Après moi le déluge

Billet d’humeur

Numéro53 WEB Humeur N.Coulon

Par Nathalie Coulon

« Après moi le déluge » avait-elle clamé en quittant le stand de poisson à la criée, où elle venait de s’acheter quatre belles langoustes. Qu’est-ce que j’avais aimé cette femme complètement vivante et intempestive. La soixantaine ni rugissante ni brinquebalante, elle était arrivée avec sa petite voiture de sport en jean’s et basket, une chemise blanche très chic. Elle s’était garée là tout près de l’étalage du poissonnier sur ce parking des quais, le long du bord de mer à l’entrée de la ville. Il était tôt ce matin- là, le soleil tapait déjà. Je m’étais levée d’humeur gourmande me disant que j’allais cuisiner de la lotte, du chapon, je ne savais pas encore. Le poissonnier avait déjà ses bacs bien remplis et les pêcheurs de
la famille déballaient leur pêche locale, j’attendais mon tour lorsque je la vis partir. «Après moi le déluge » et j’en fis ma devise ce jour d’été, il y a 10 ans.
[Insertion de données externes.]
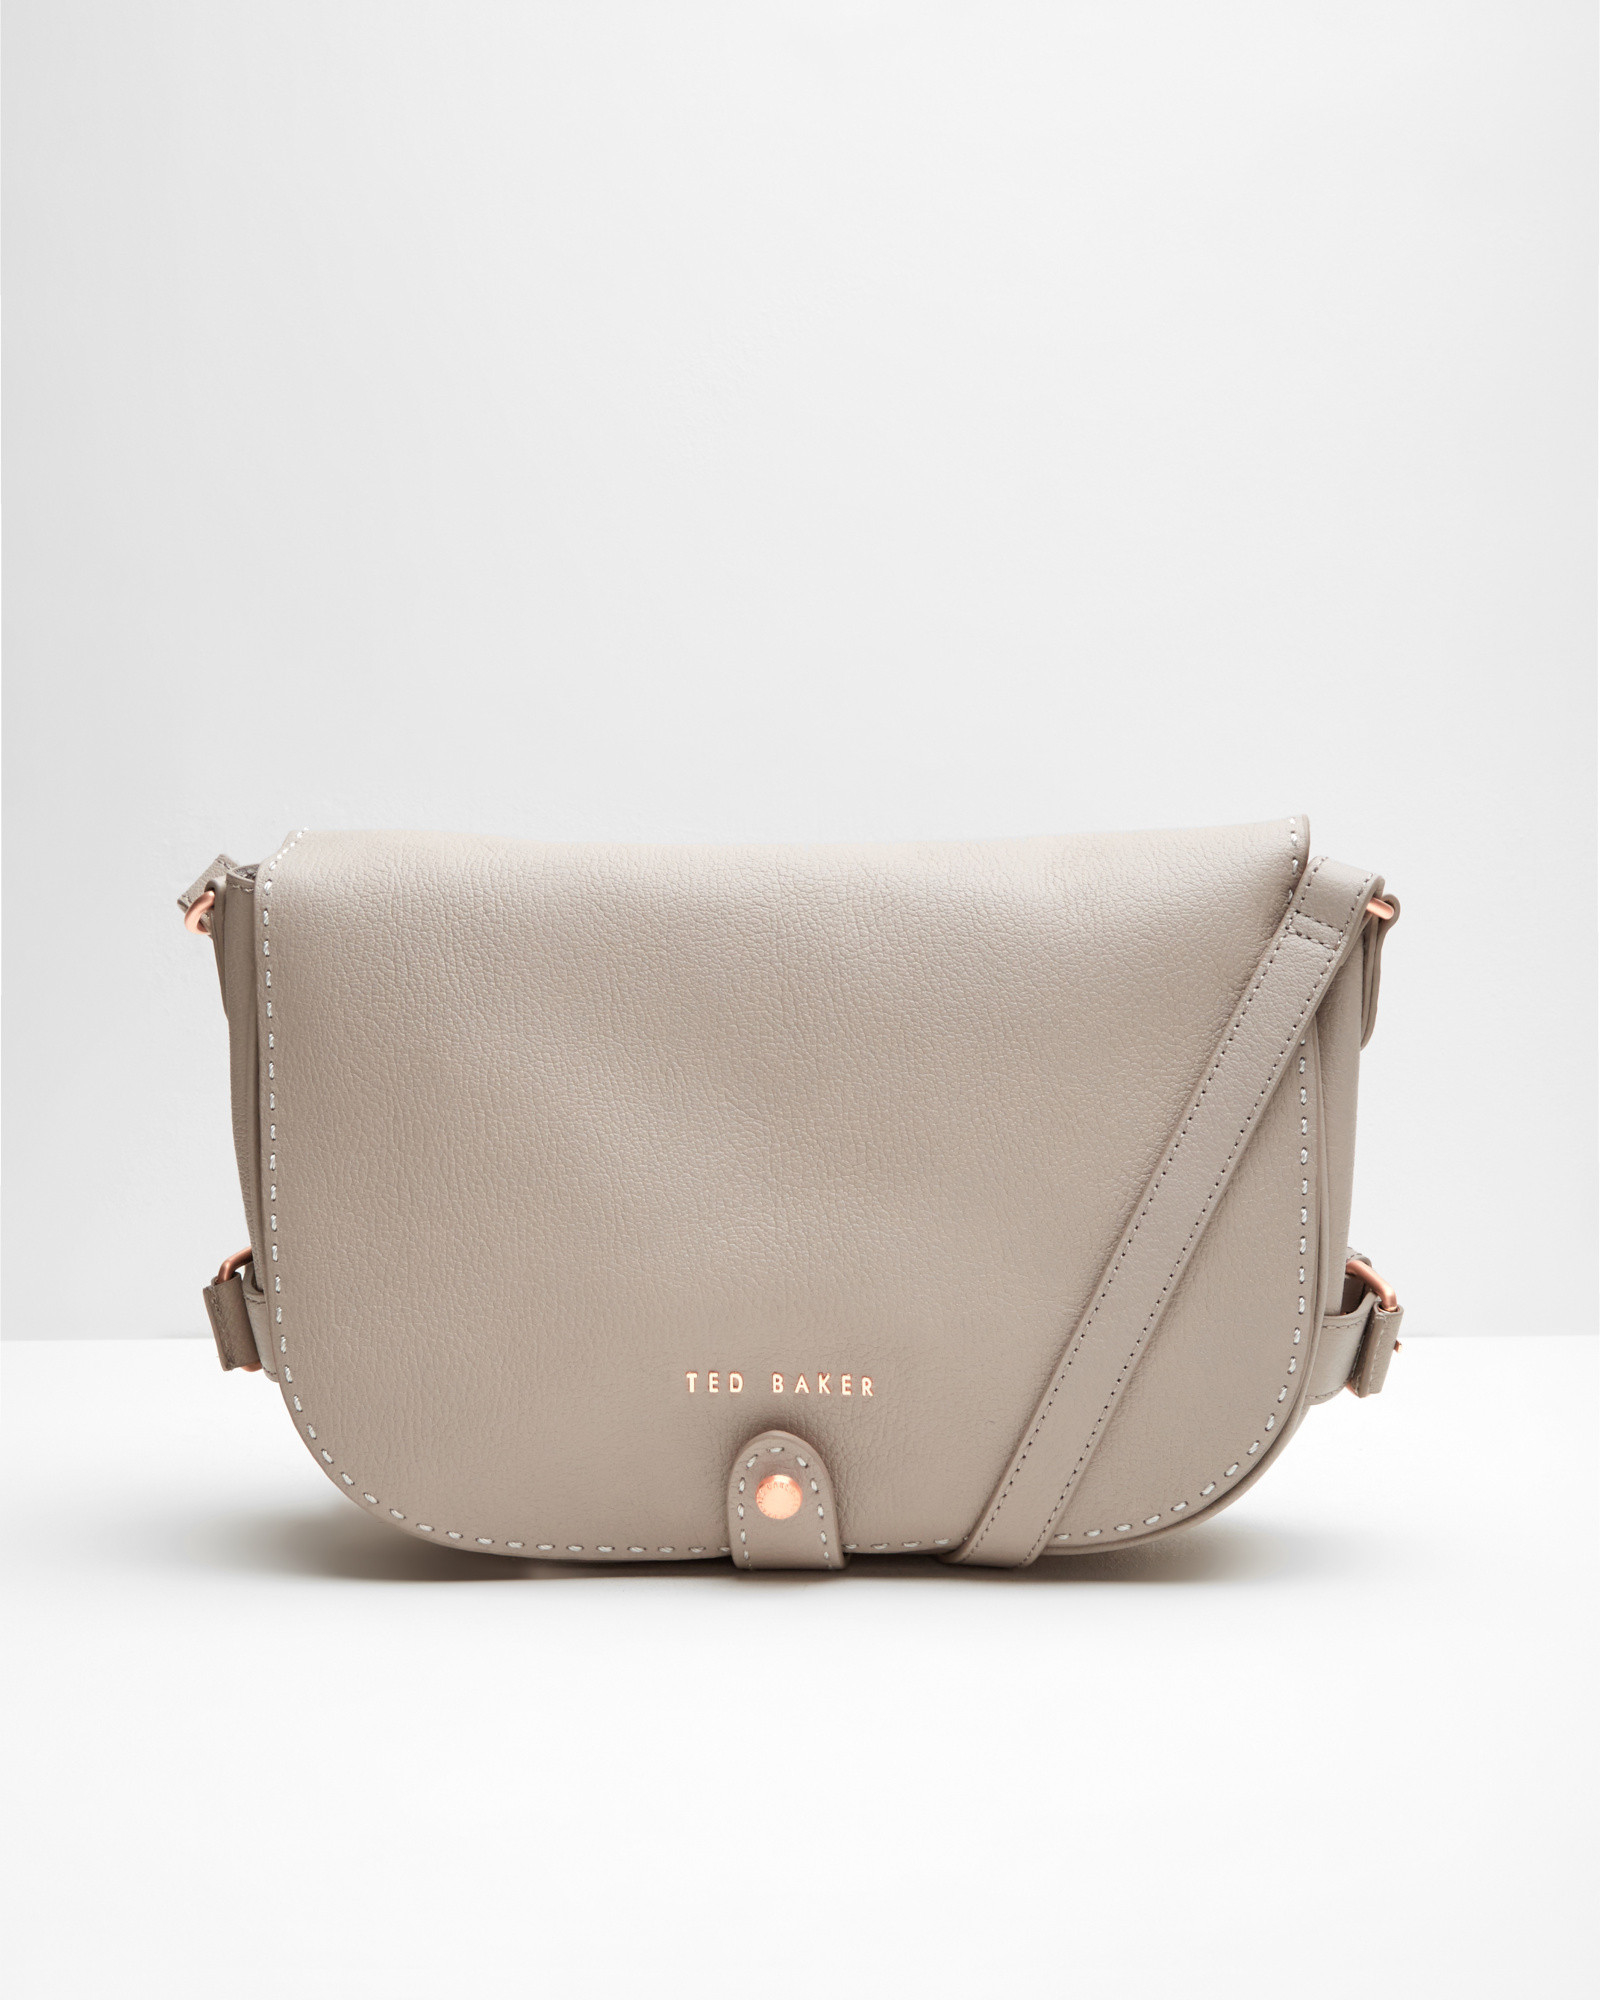 Lyst - Ted Baker Leather Crossbody Saddle Bag in Natural

Après tout et pourquoi pas, de passage sur cette belle planète pourquoi ne pas céder aux péchés capitaux ?
Il convient bien entendu d’apprécier les péchés selon leur gravité. Mon court passage dans les salles poussiéreuses du presbytère et sur les bancs des catéchistes m’aura valu de savoir d’ailleurs et en premier qu’ils existaient des péchés mortels aussi : Ô grand Dieu !
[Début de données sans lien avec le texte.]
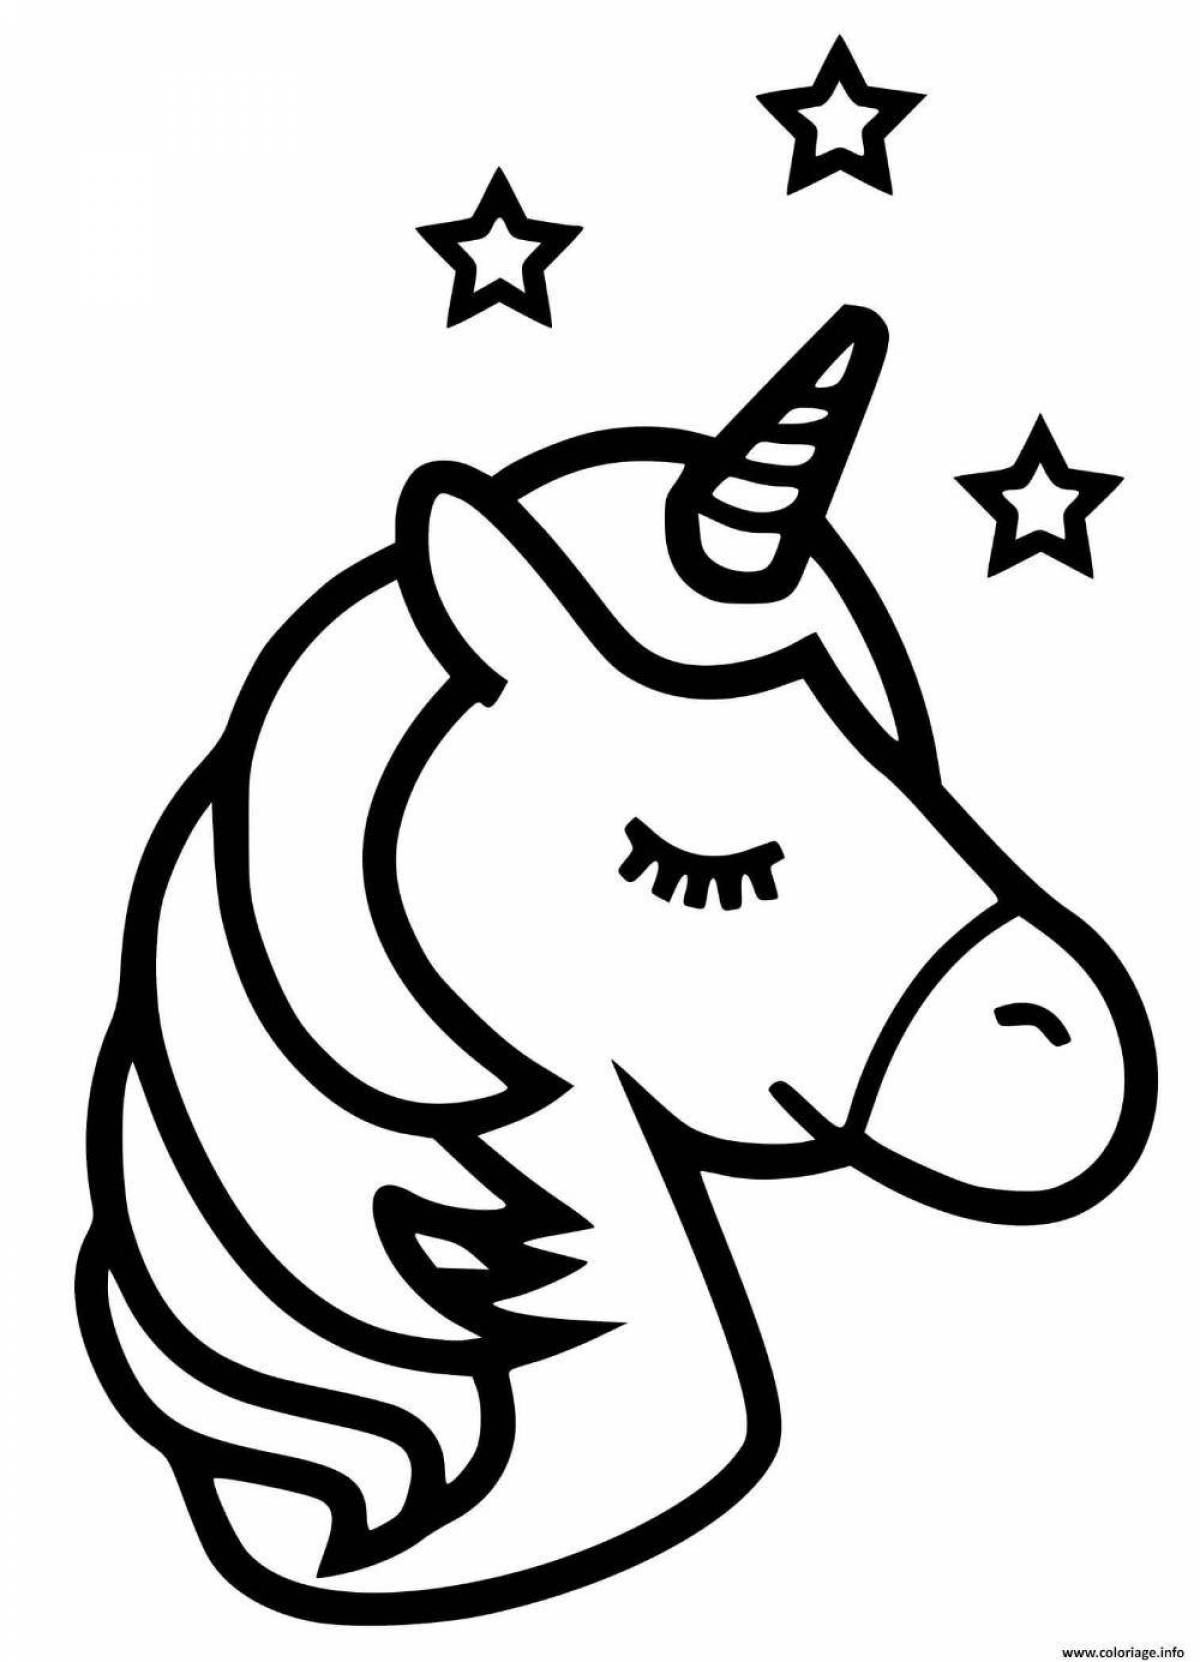 Dazzling coloring how to draw a unicorn

Le poids de l’héritage insulaire entre superstition et bondieuserie mêlant amour des siens et angoisses morbides donnant une signification mystique à chaque acte accompli au quotidien n’allégeant en rien la culpabilité. Une grand-mère paternelle à qui je dois aussi un solennel hommage. Santa, confite en dévotion, élevée au couvent des sœurs d’Erbalunga au temps béni des colonies où leurs parents s’embarquant pour des terres lointaines confiaient leurs enfants à l’Église pour parfaire leur éducation, essayait de me convertir tendrement à son amour du père éternel, à ses croyances et ses prières. Entre «occhjiu», magie et grigri rapportés d’Indochine, mon karma était alors tout tracé. Se détacher alors des liens du sang pour emprunter son propre chemin sereinement sans pour autant piétiner la Voie lactée allait être périlleux : devrions-nous un jour nous résigner à ne pas subir la tentation sous peine d’une quelconque sentence moralisatrice ou religieuse ? Un dilemme permanent nous infligeant de rentrer dans les rangs souvent étroits de la société.
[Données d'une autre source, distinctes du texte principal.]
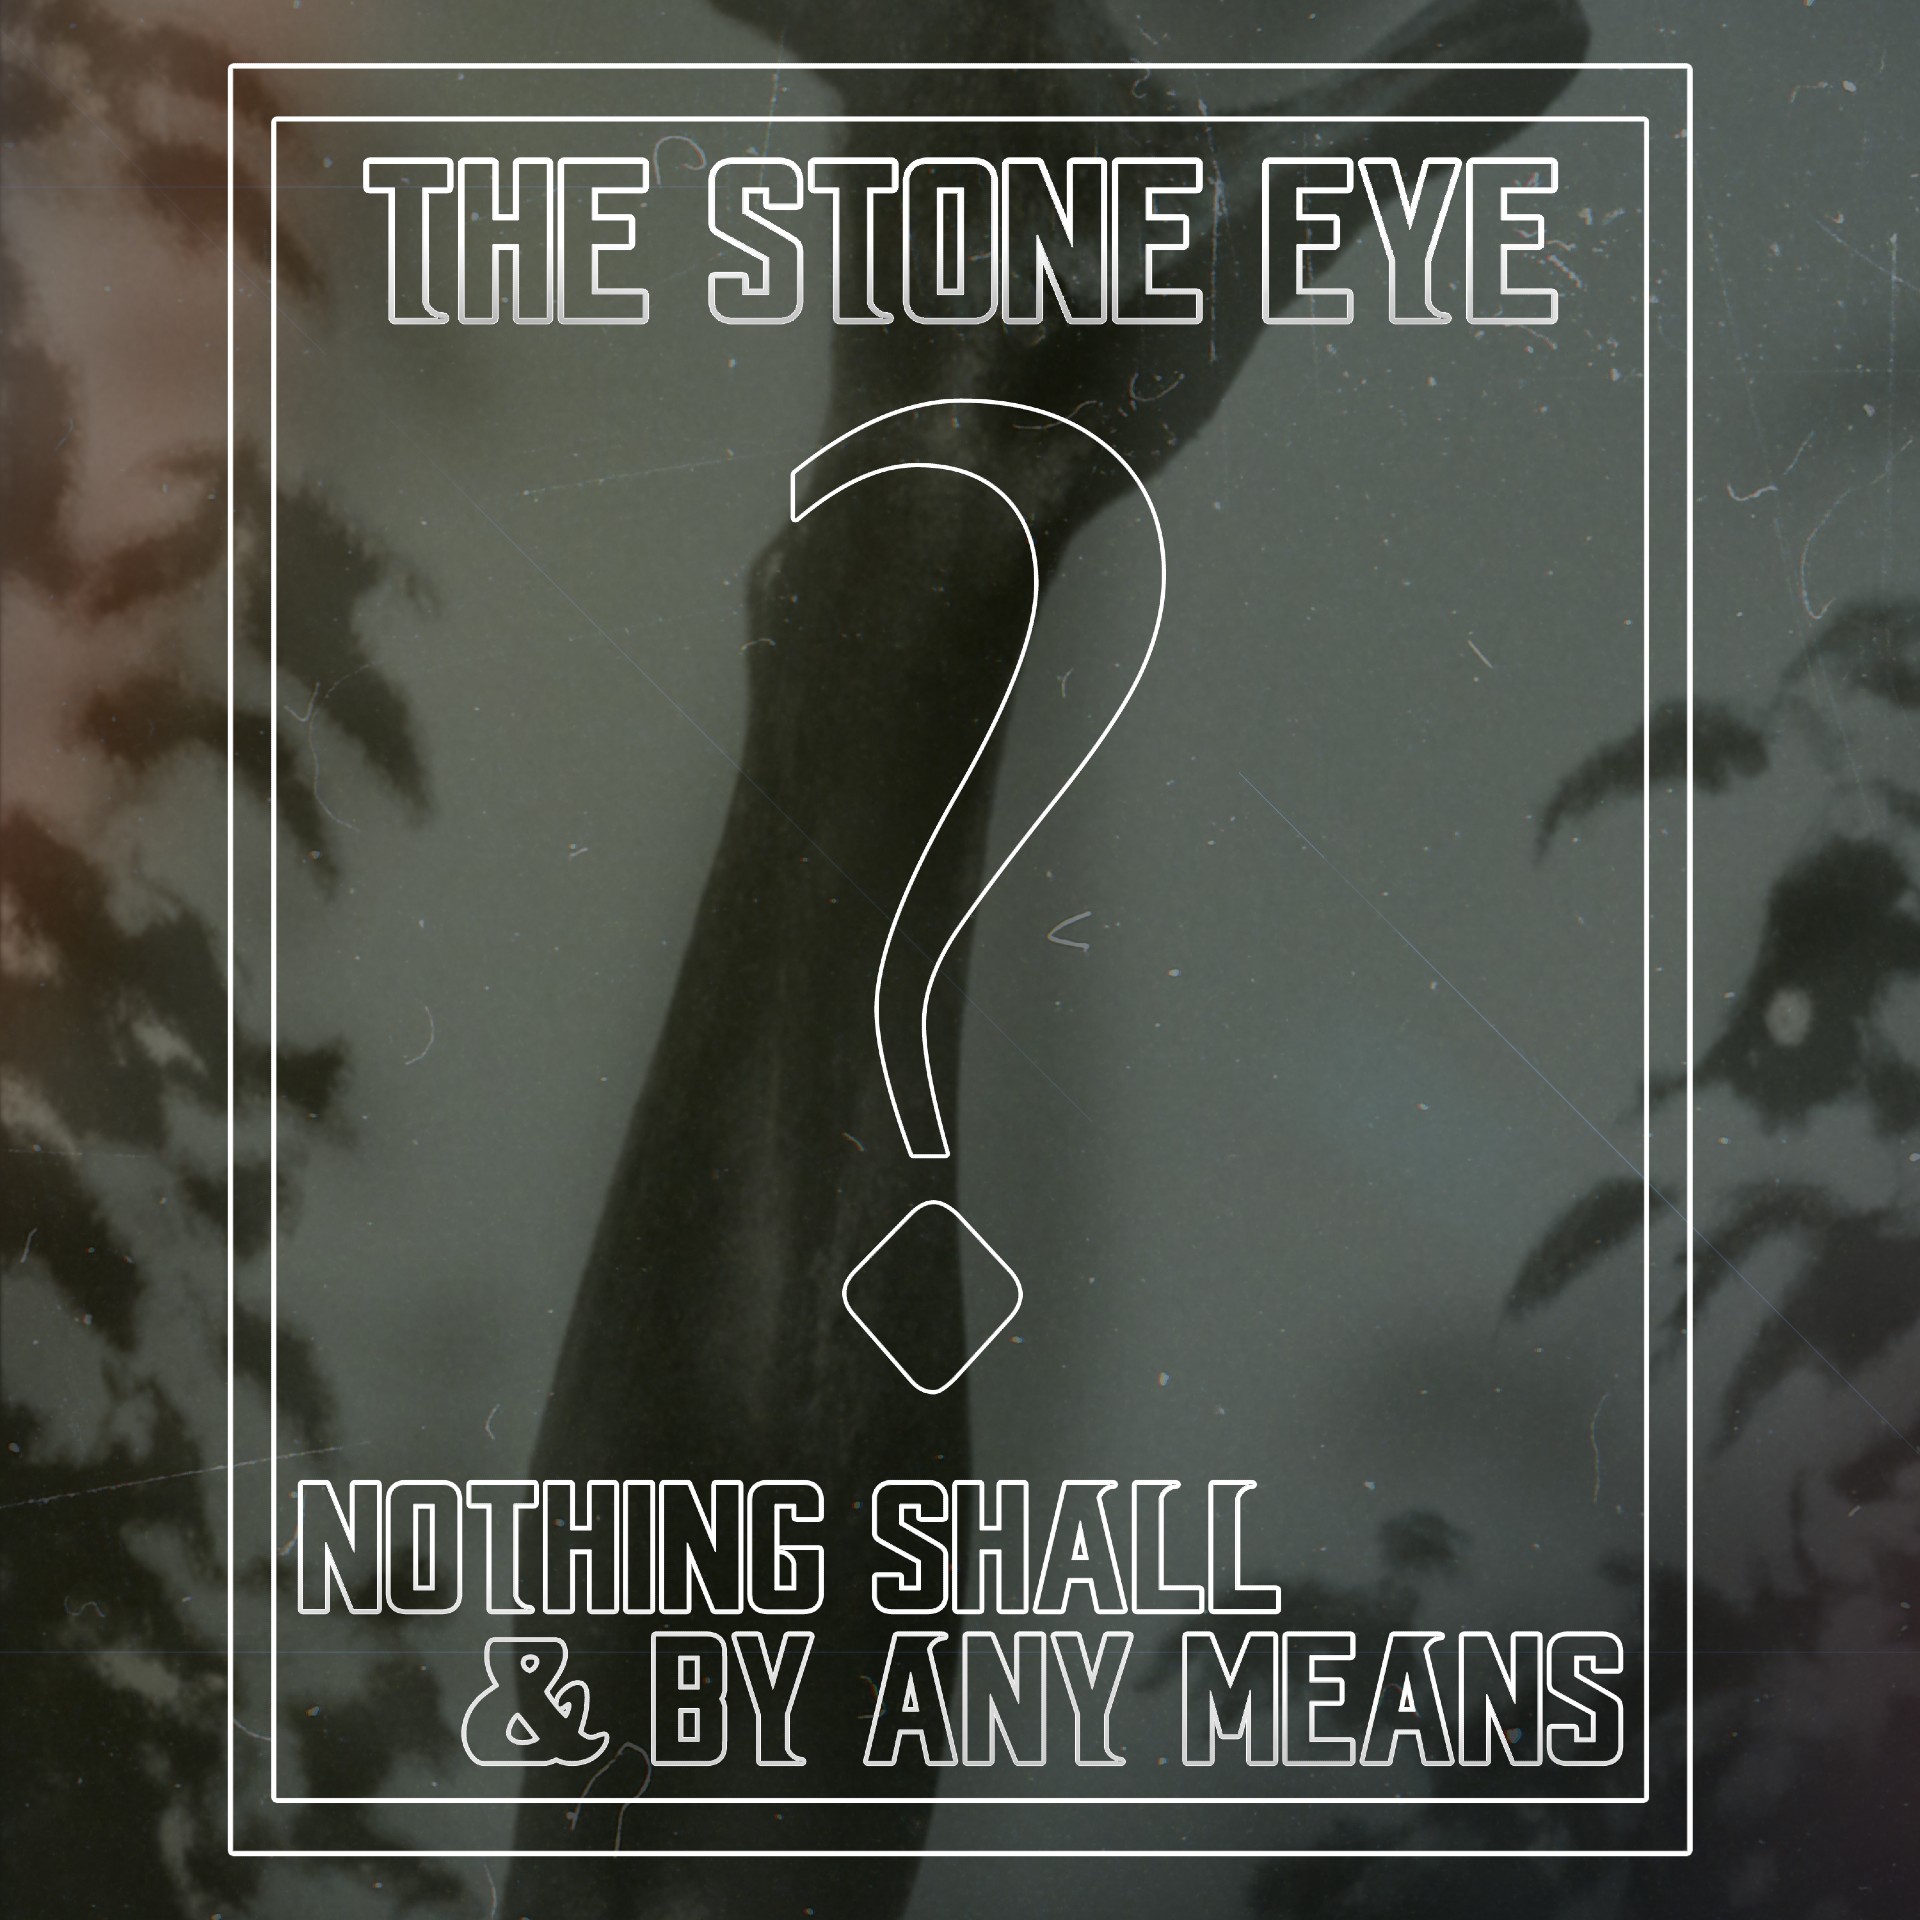 The Stone Eye “Nothing Shall’ & “By Any Means” single artwork

La gourmandise, les mensonges pieux, l’intempérance et les blasphèmes. « Que celui qui n’a jamais péché lui jette la première pierre.» Le bon ton sociétal est à la franchise, à l’aveu, à la psychanalyse qui voudrait tout disséquer. L’époque nous voudrait parfaitement perfect, aseptisé. L’heure est au no vice pour les novices sans doute… Terrible est l’époque dans laquelle nous avançons, robotisés. Ne succombant presque plus à la tentation, à l’exception de quelques retors ventripotents qui ne se refusent pas grand-chose et comme ils ont raison. Les péchés capitaux ou l’évolution en temps réel: la gourmandise soit sans gluten, sans lactose et sans viande sinon c’est péché. Se convertir au lait de brebis, la vache cet animal sacré devenu diabolique… Et les femmes jugées, pointées du doigt: trop vieilles, trop grosses, trop maigres. À quel péché se seraient-elles données pour en arriver là? Le couple Macron. Oh! Sacrilège! Et les réseaux sociaux, la cellule de veille déversant sa bile fielleuse : Brigitte, la pécheresse ! Le rétro- pédalage ambiant puant, sans aura, très peu pour moi.
Je me laisserais bien délicatement céder au péché, voyez-vous et en toute honnêteté sans aucune dissimulation mais mon grand combat au jour le jour est de ne pas céder au désarroi, ne plus avancer et me faire dicter une pseudo morale infâme celle des tout-puissants, des talibans. Eux, à Manchester, quel péché mortel avaient-ils commis pour périr de clous et de sang ?… Ô monde cruel, je veux du beau, du bon. Relire Camus et son mythe de Sisyphe, Dante La Divina Commedia… Inferno Purgatorio e Paradiso. « Après moi le déluge » et cette vie, cette traversée du désert. À vous, à Manchester que la terre vous soit légère. Soupir.